Fig 4 illustrates the seizure tracking output by SZTrack for two patients from the JHH dataset, as superimposed in red on a topographic scalp plot. These recordings contain annotations of seizure spreading created by epileptologists during clinical workup. Seizure activity maps are provided at the time of annotation to show concordance between annotated seizure activity and SZTrack predictive outputs. As seen, the seizure activity automatically learned by SZTrack from the EEG data shows strong agreement with clinically observed spreading patterns during the seizure. We emphasize that due to our LOPO-CV training strategy, SZTrack had no a priori knowledge of these patients prior to generating the predictions in Fig 4. To the best of our knowledge, this is the first tacking result of its kind reported in the literature.

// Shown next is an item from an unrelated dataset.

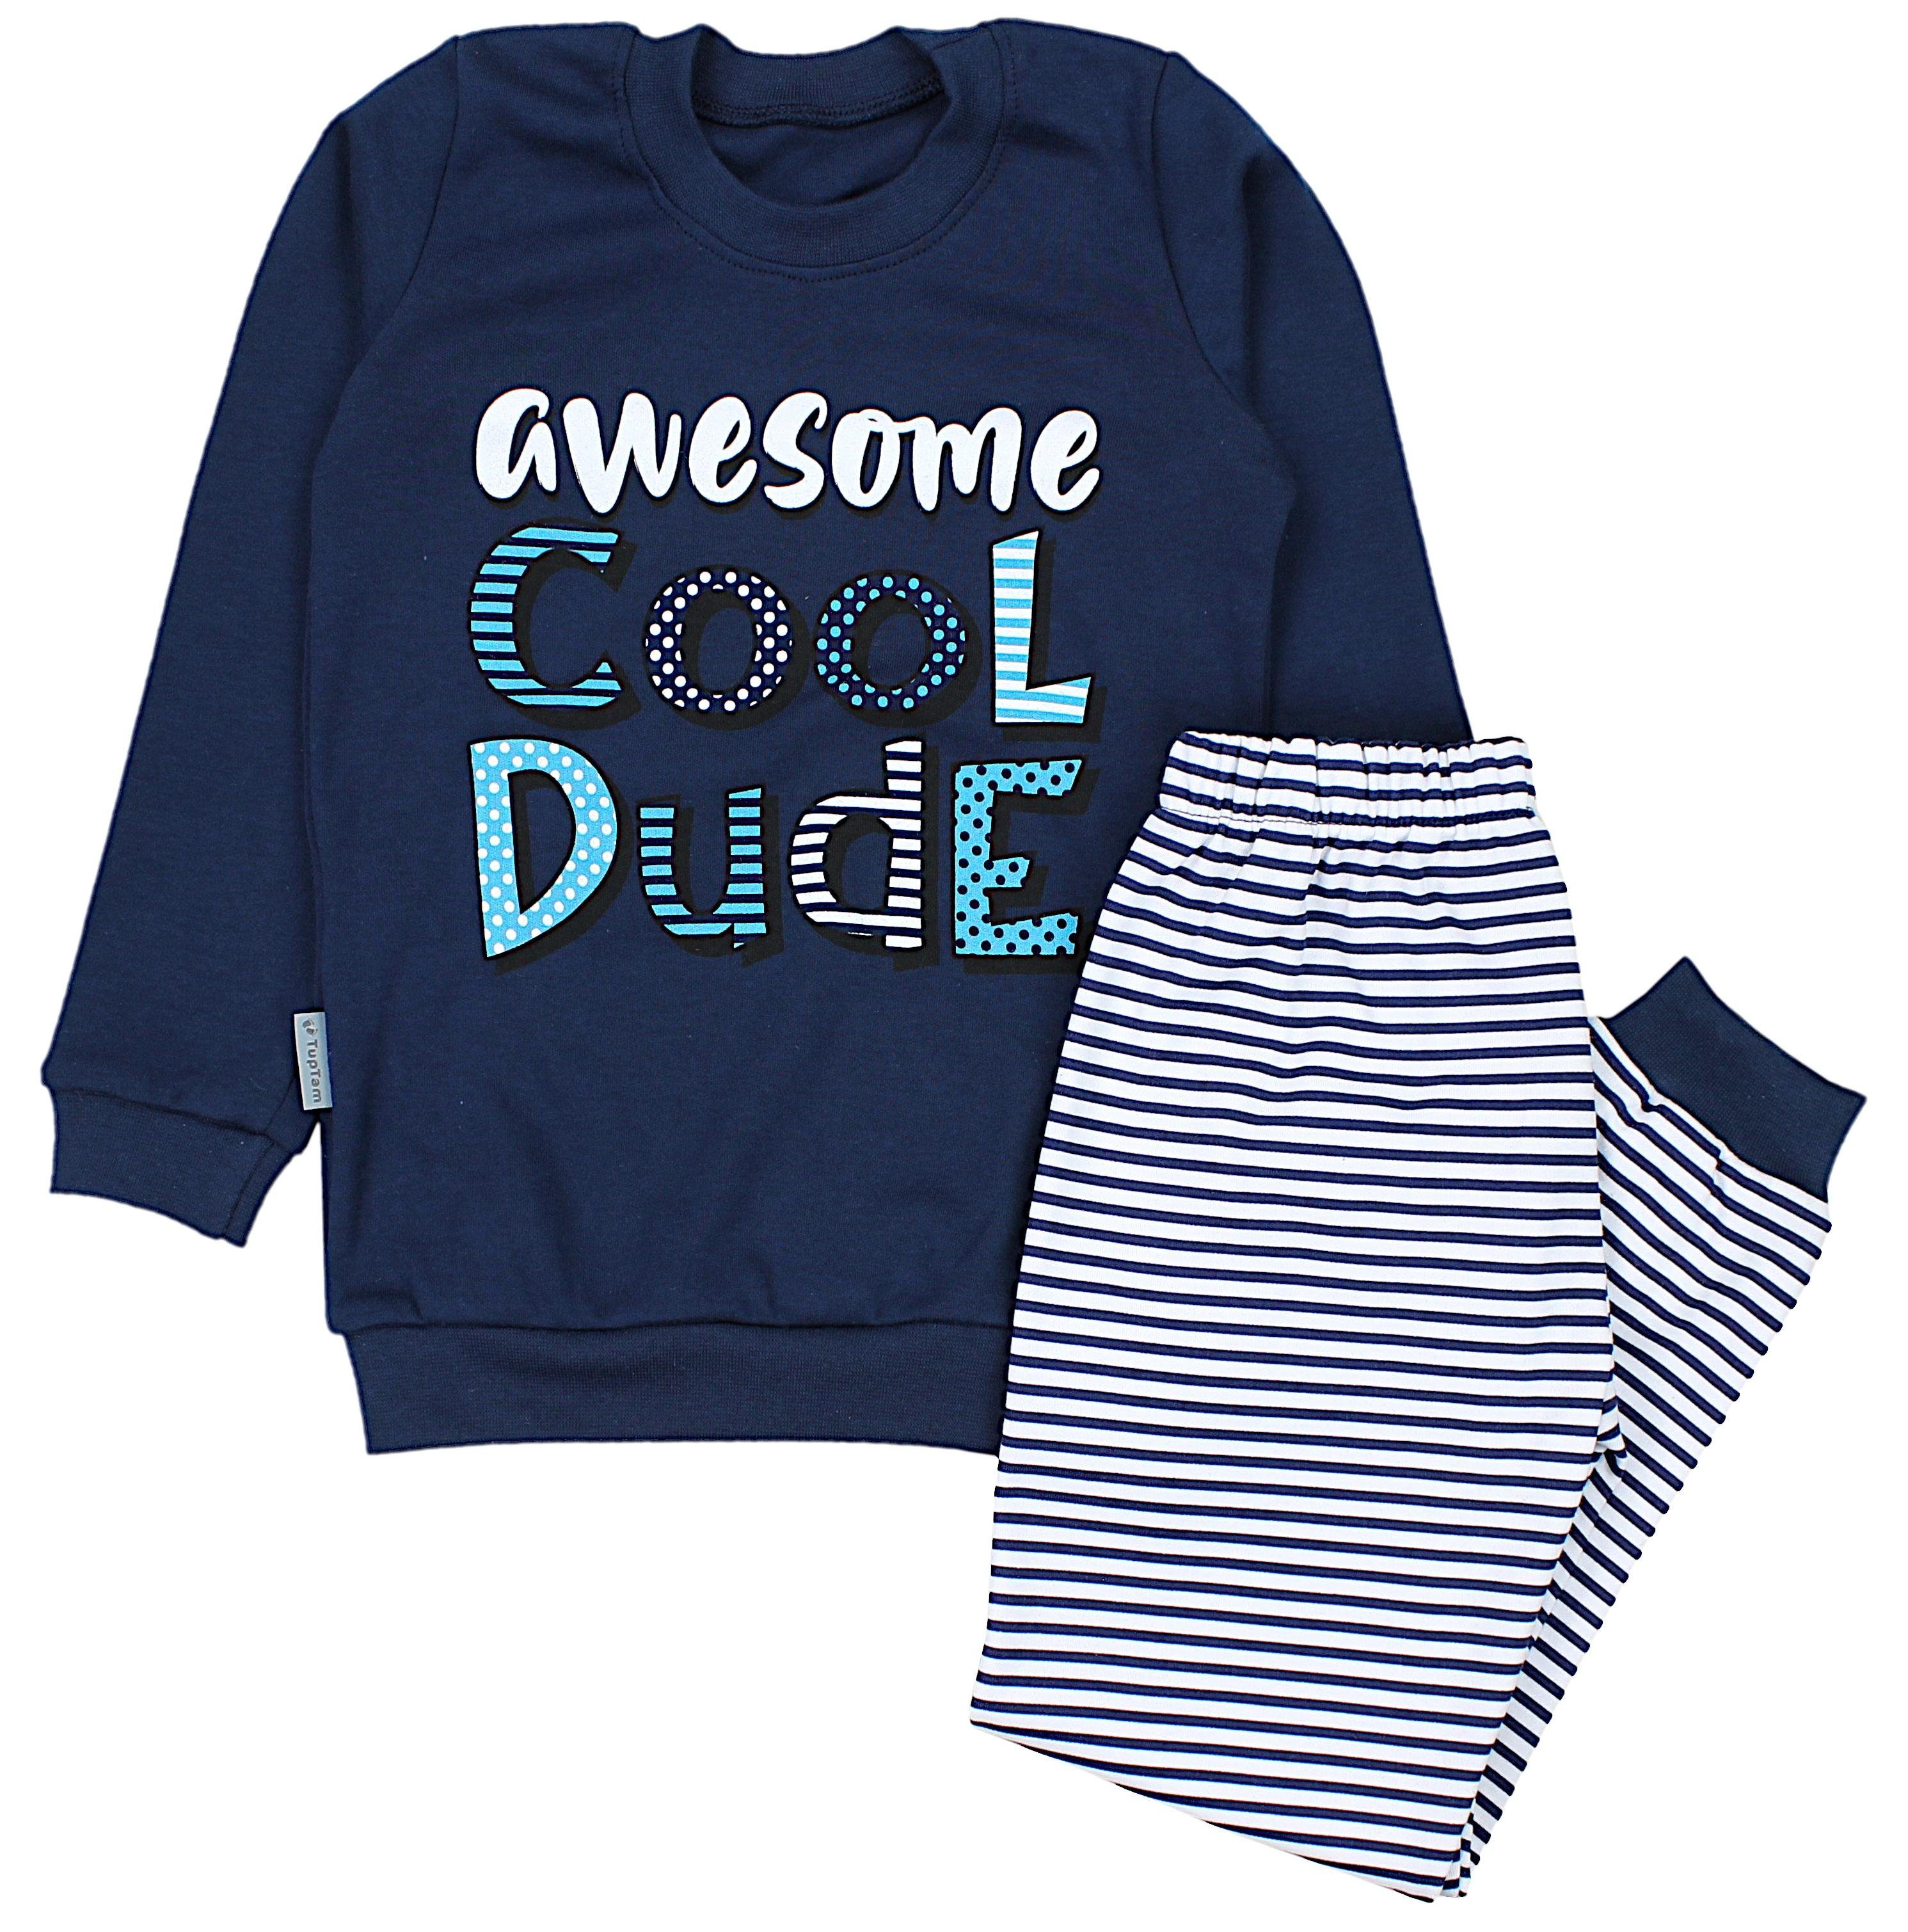 TupTam Schlafanzug Kinder Jungen Pyjama Schlafanzug Set Langarm Nachtwäsche 2-teilig Cool Dude Blau / Streifen Dunkelblau
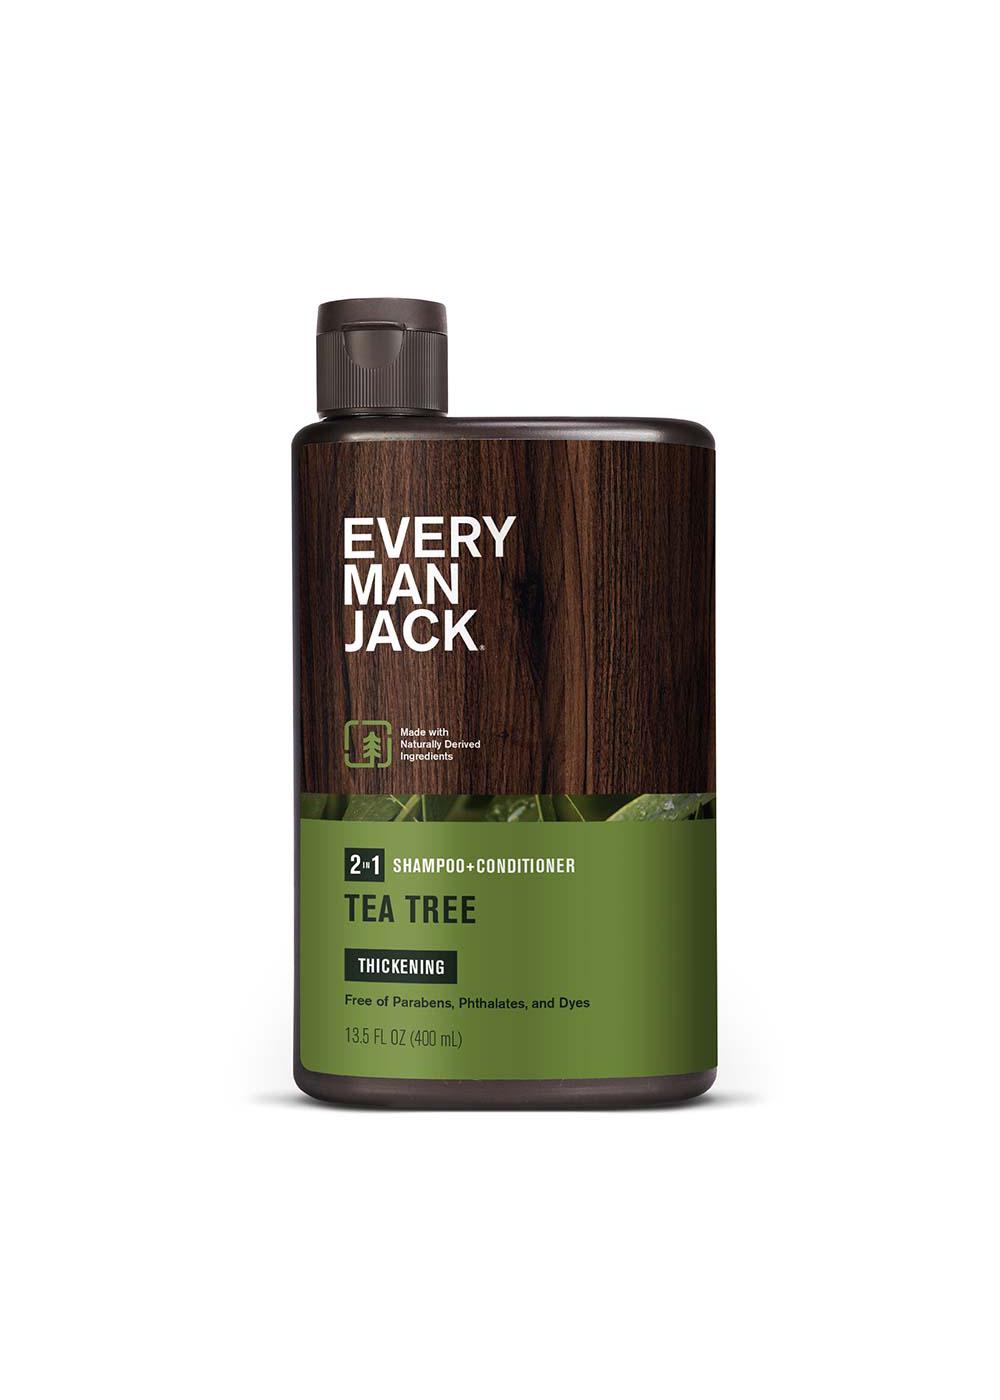 Every Jack Shampoo + Conditioner - Tea Tree - Shop Shampoo & Conditioner H-E-B

Fig 4. Seizure activity tracking.

Seizure activity tracking in two JHH patients. Clinical SOZ annotations are given for each patient. Where clinical annotations are provided, images show seizure activity tracking corresponding to annotation times.

Fig 5 illustrates the model predictions made by SZTrack and the No-BLSTM baseline for the fronto-temporal seizure shown on the top row of Fig 4. We have used the open-source EEG visualization software EPViz ( to overlay the channel-wise predictions in blue on top of the EEG signals. As seen, SZTrack (a) predicts seizure activity originating in the temporal lobe channels T7 and P7. This prediction agrees with the clinically annotated onset information “subtle slowing left temporal” at 623 seconds in the EEG. Seizure activity quickly spreads to further involve left temporal, parietal, and left frontal electrode channels. Once again this prediction concurs with the clinical note of “Broad Left Temporal > Frontal Sharp Waves” at 639 seconds. In contrast, the No-BLSTM baseline correctly detects the left temporal onset but does not provide contiguous predictions. Consequently, it fails to capture the clinically observed spreading pattern.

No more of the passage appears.